# 2010-2011 Blackout Dates



## TML (Sep 21, 2009)

Amtrak Guest Rewards has recently announced its 2010-11 blackout dates:

February 12 & 15, 2010 (President's Day)

April 2 & 4-5, 2010 (Easter)

November 23-24 & 27-29, 2010 (Thanksgiving)

December 17-23 & 26-30, 2010 (Christmas/New Year's Day)

January 2-3, 2011 (New Year's Day)

Now, I was somewhat surprised that another day was added to the Easter blackout period. I was also surprised that Labor Day weekend was removed from the list of blackout periods (it had always been blacked out in the past); my guess is that it may have something to do with Memorial Day & Independence Day weekends not being blacked out in the past two years.

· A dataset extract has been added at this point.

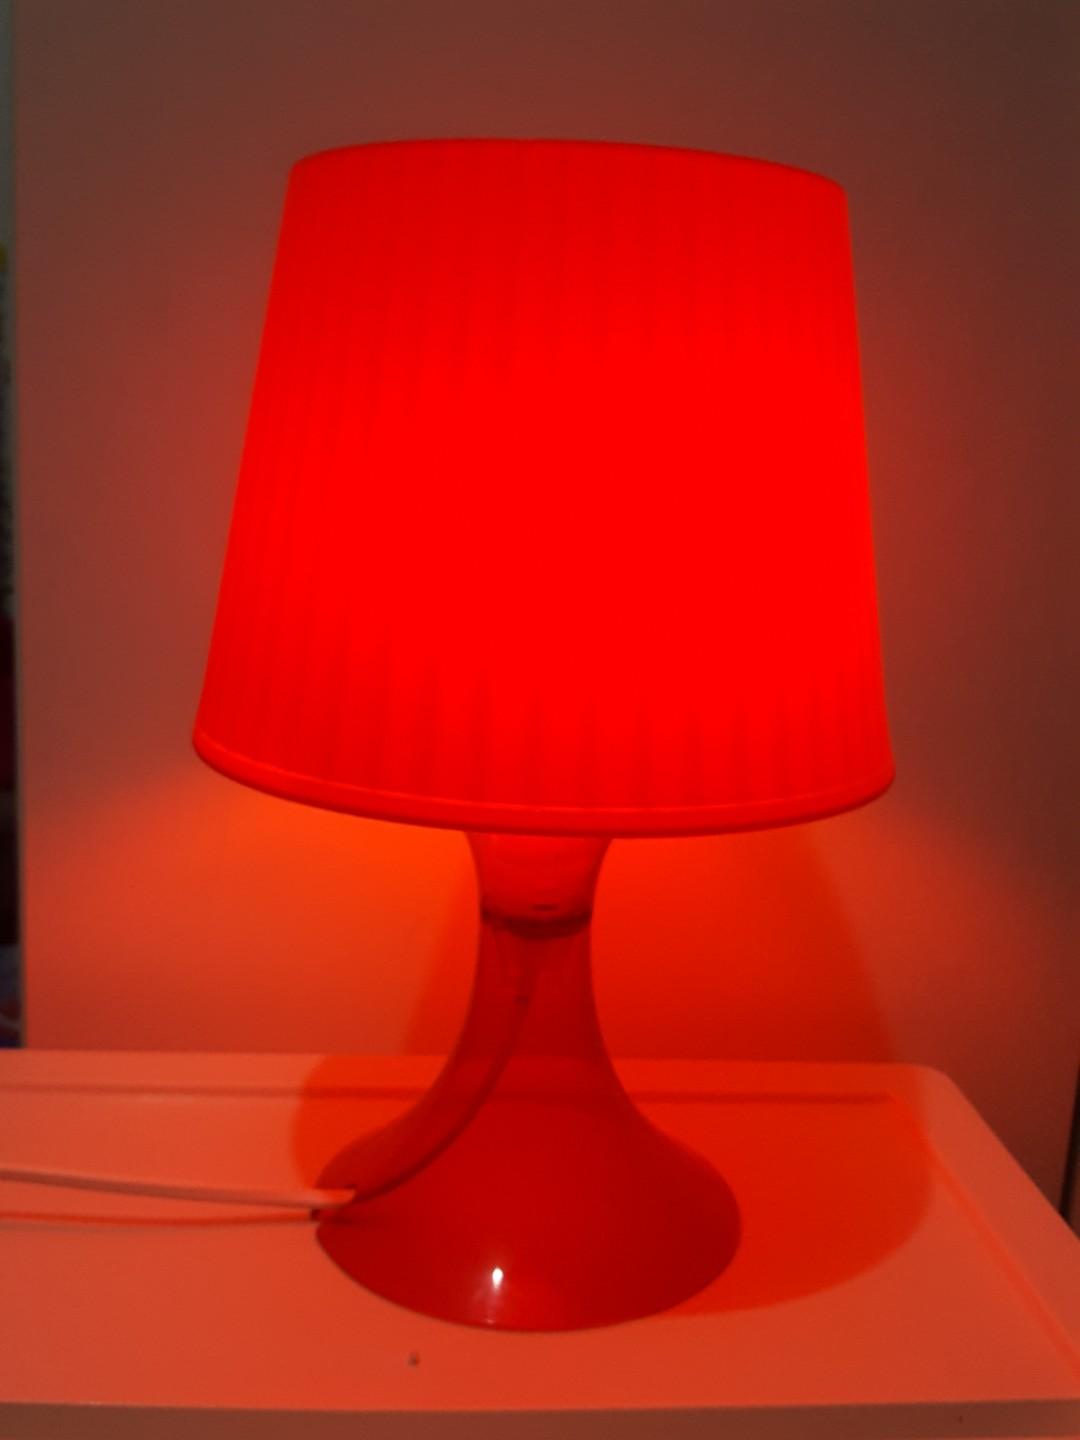 Ikea Red Table Lamp Furniture Home Decor Lighting

I also noticed that like this year, most days surrounding Christmas & New Year's Day are blacked out, so I suspect this is probably a trend; I wonder if we'll ever go back to the very generous number of blackout dates in December 2008/January 2009... :unsure:


----------



## Rosie (Sep 26, 2010)

TML said:


> Amtrak Guest Rewards has recently announced its 2010-11 blackout dates:
> 
> February 12 & 15, 2010 (President's Day)
> 
> ...



All i can tell you is that I'm almost sure that it won't be happening on a holiday.


----------